Man this woman usedta write and tell stories about. She would write one story about him and then she retell his story in another story. So he might appear in several stories, but he the same Nat Perrison. Kinda look like a vato, except African American.
Oh, yeah?
Then she go wait on another table. I’m thinking about them little villages in Mexico. Sometimes they shows them little villages on television, when them anthropologists goes into them little villages to study the people. They showed one of them little villages where the Spanish-looking people are the aristocrats and the Indian-looking people or the mestizos are the commoners. In some of them villages the Indian-looking people questions they status and starts rebellions, but in others they just plays the Sancho Panza to Don Quijote and don’t question theyselves being Sancho Panzas.
Oh, yeah? she ask again when she come back to behind the bar.
Yeah, I says, though I ain’t sure if she saying Oh yeah to the conversation she having with me or Oh yeah to one of them other conversations, ’cause she be talking to me then she be talking to one of them vatos or Miguelita, then she come back and be talking to me.
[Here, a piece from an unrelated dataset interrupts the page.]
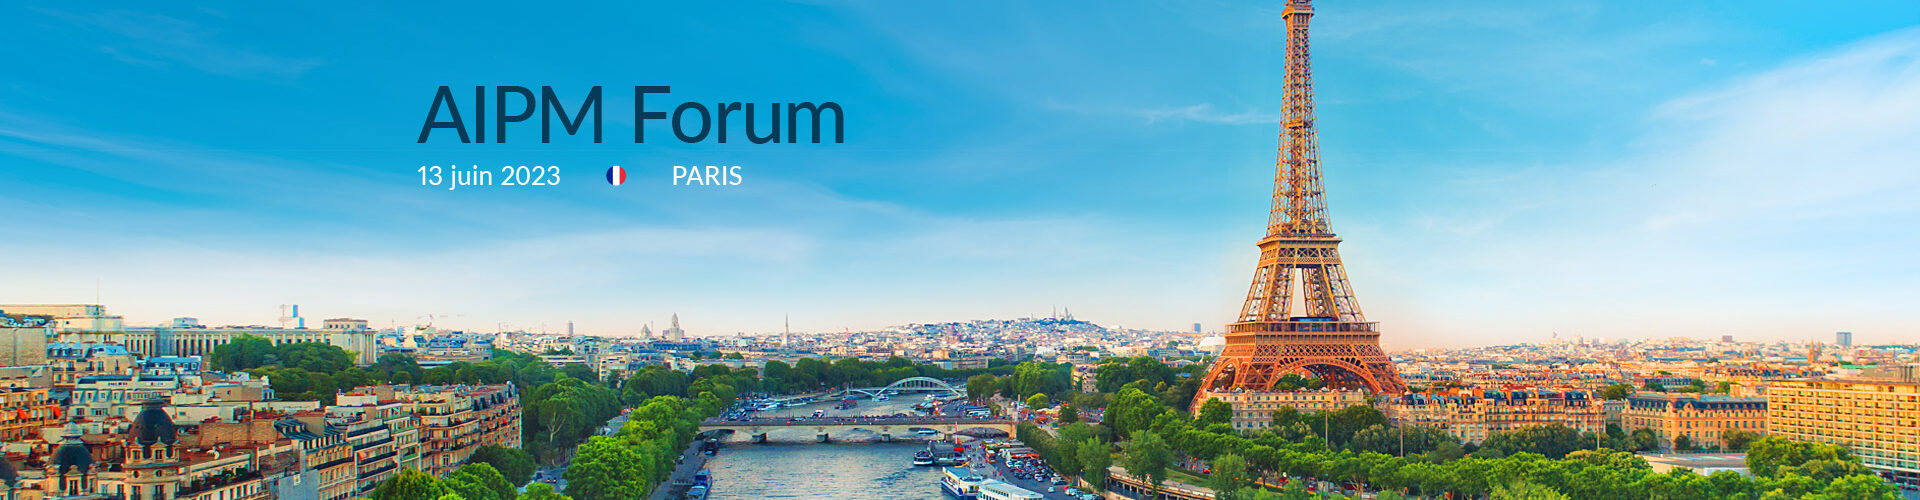 Blog Hero Paris AIPM Forum - Copperleaf Decision Analytics

She get a Mexican beer, the one with that Indian-sounding name, though she be saying they a beer factory in Mexico with that Indian-sounding name, and open it and I glances at that vaquero but he looking at Delgadina now and Delgadina take that glance and throw it back at him ’cause they always be some man in that cantina who want her for a love interest, and then she take that beer over to the gringa, then she come back and wipe off the bar again. That vaquero he looking at the gringa now, and then one of the other mens say something to him and must be telling him who the woman is, that that Mr. Delgado woman, the owner of the restaurant-cantina woman, that her name Miguelita, and that she ain’t no puta. That beach towel one of them Acapulco towels, though she say she ain’t never been to that Acapulco. She say she been to Mexico, even to that little Mexican village where the people hide from the gringo, and she like to go to them little Mexican villages the tourists don’t know about, especially them gringo tourists. She say they a lot of them little villages in Mexico that the tourists don’t know about, and she say in one of them little villages she say they was referring to her as the gringa—not the little village where they hide from the gringo but another little village—and she be trying to explain to them that she ain’t a gringa, she a Mexican American, a Chicana, but they still be referring to her as the gringa. She say in that little village all the people look like Olmecs, them ancient Mexicans. So to them she a gringa. But in most of them other villages she say they be thinking of her as a Mexican, but from America, even that little village where they hide from gringos, though she be saying there’s some that still consider Texas to be a part of Mexico. She be telling them she from Texas. And to them that still Mexico. ’Cause like I said it people that make them borders. I bet Texas don’t know it ain’t Mexico.